[WHAT THIS TASK INVOLVES] Could you write out every record below exactly, leaving the pictures out?

[Records from a data source]

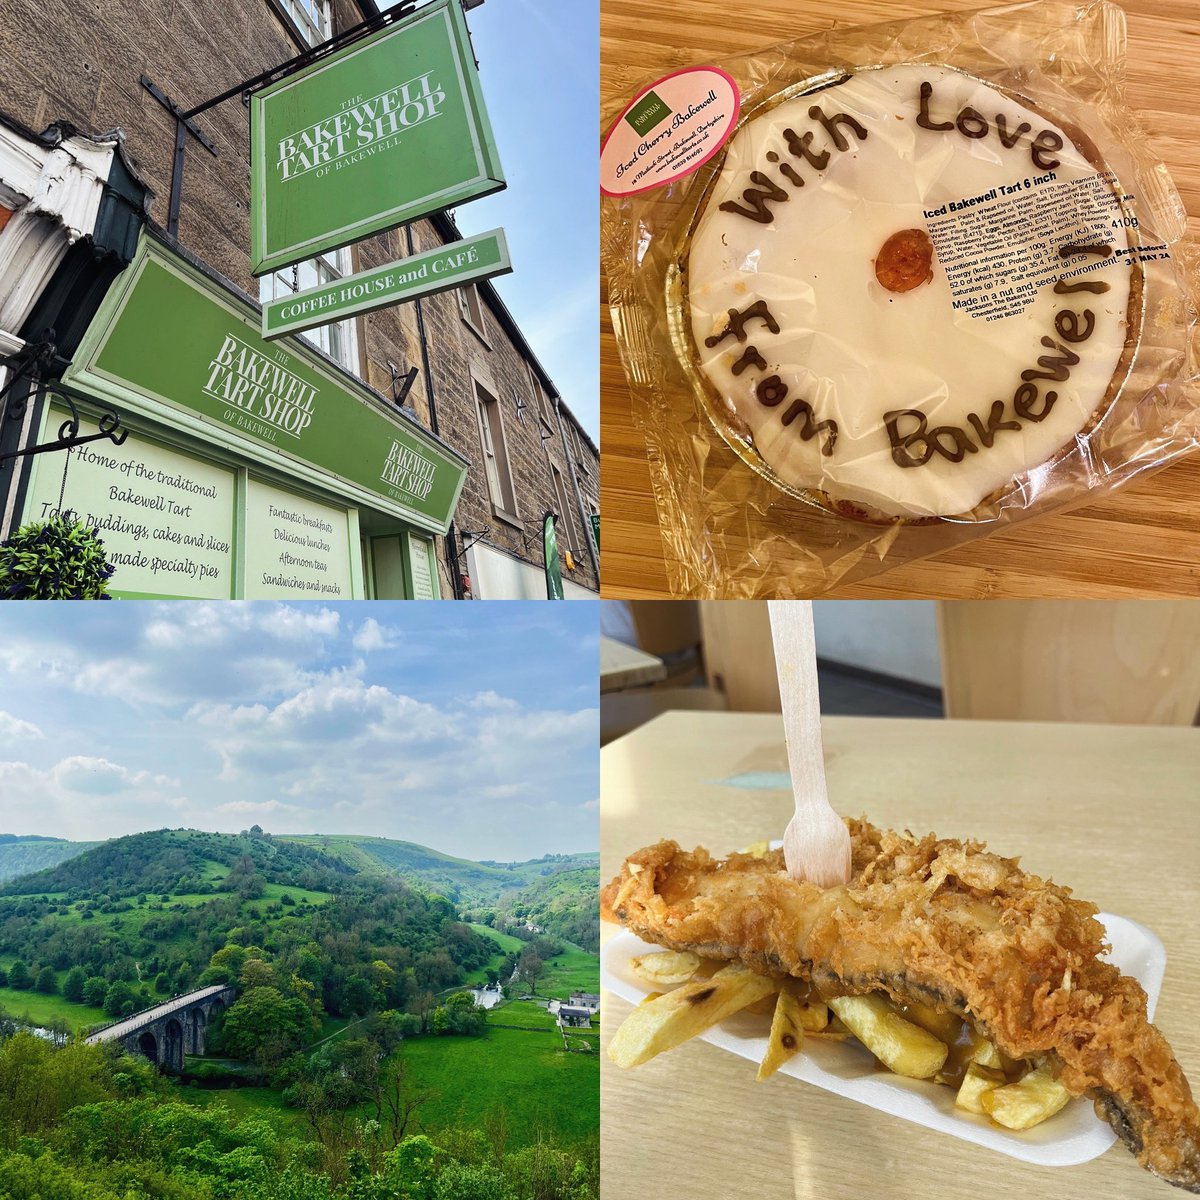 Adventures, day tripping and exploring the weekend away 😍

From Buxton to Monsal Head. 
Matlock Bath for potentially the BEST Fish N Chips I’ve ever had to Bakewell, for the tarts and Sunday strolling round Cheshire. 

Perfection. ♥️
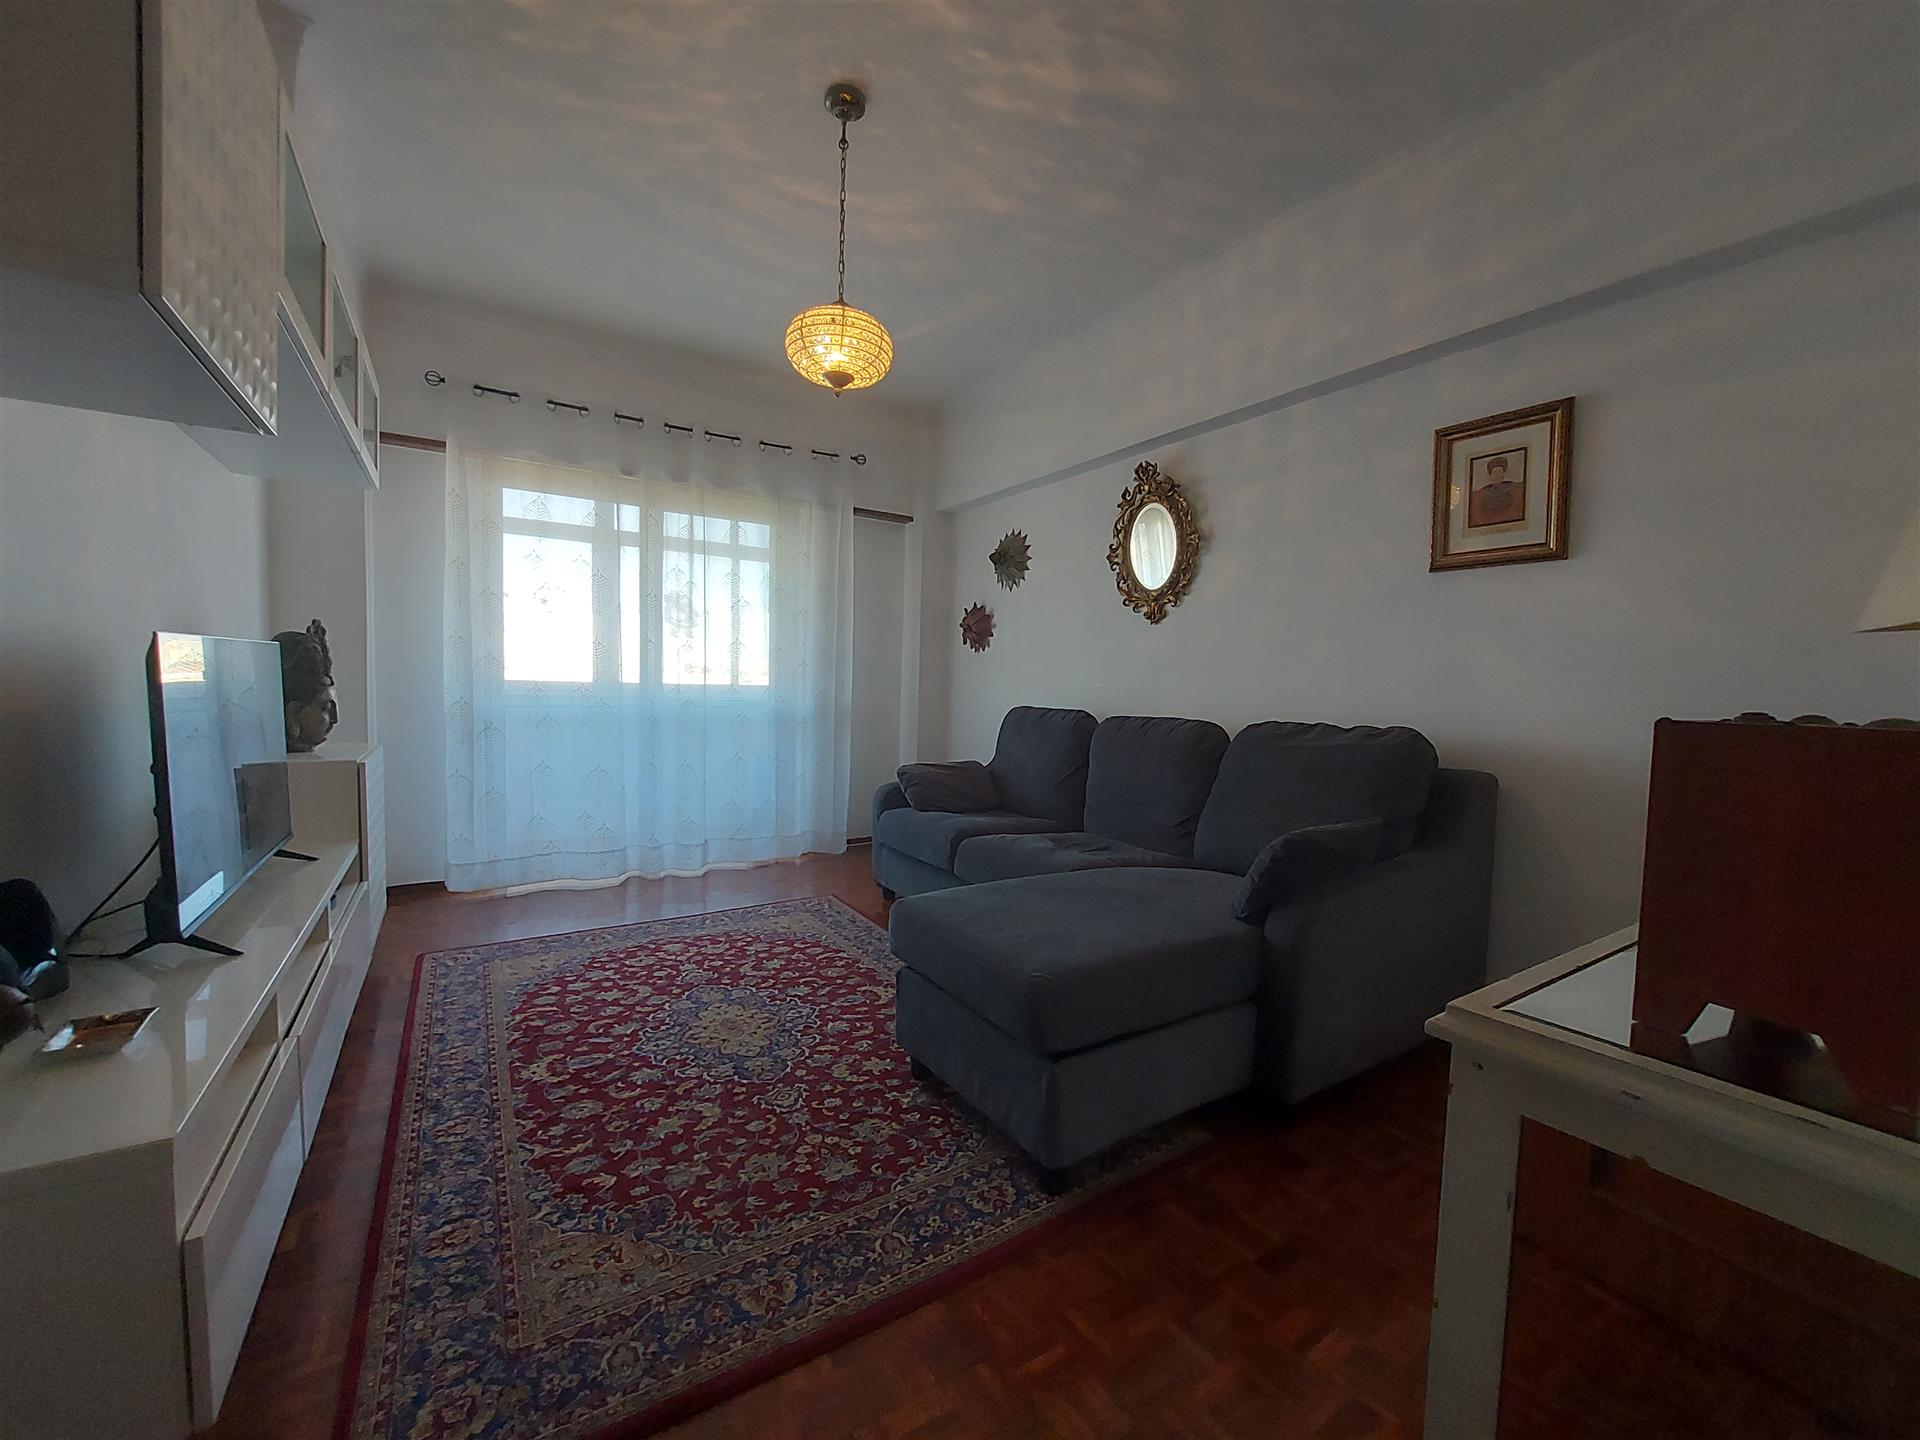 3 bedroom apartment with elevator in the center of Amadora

[FINISHED TASK]
 Adventures, day tripping and exploring the weekend away 😍

From Buxton to Monsal Head. 
Matlock Bath for potentially the BEST Fish N Chips I’ve ever had to Bakewell, for the tarts and Sunday strolling round Cheshire. 

Perfection. ♥️
 3 bedroom apartment with elevator in the center of Amadora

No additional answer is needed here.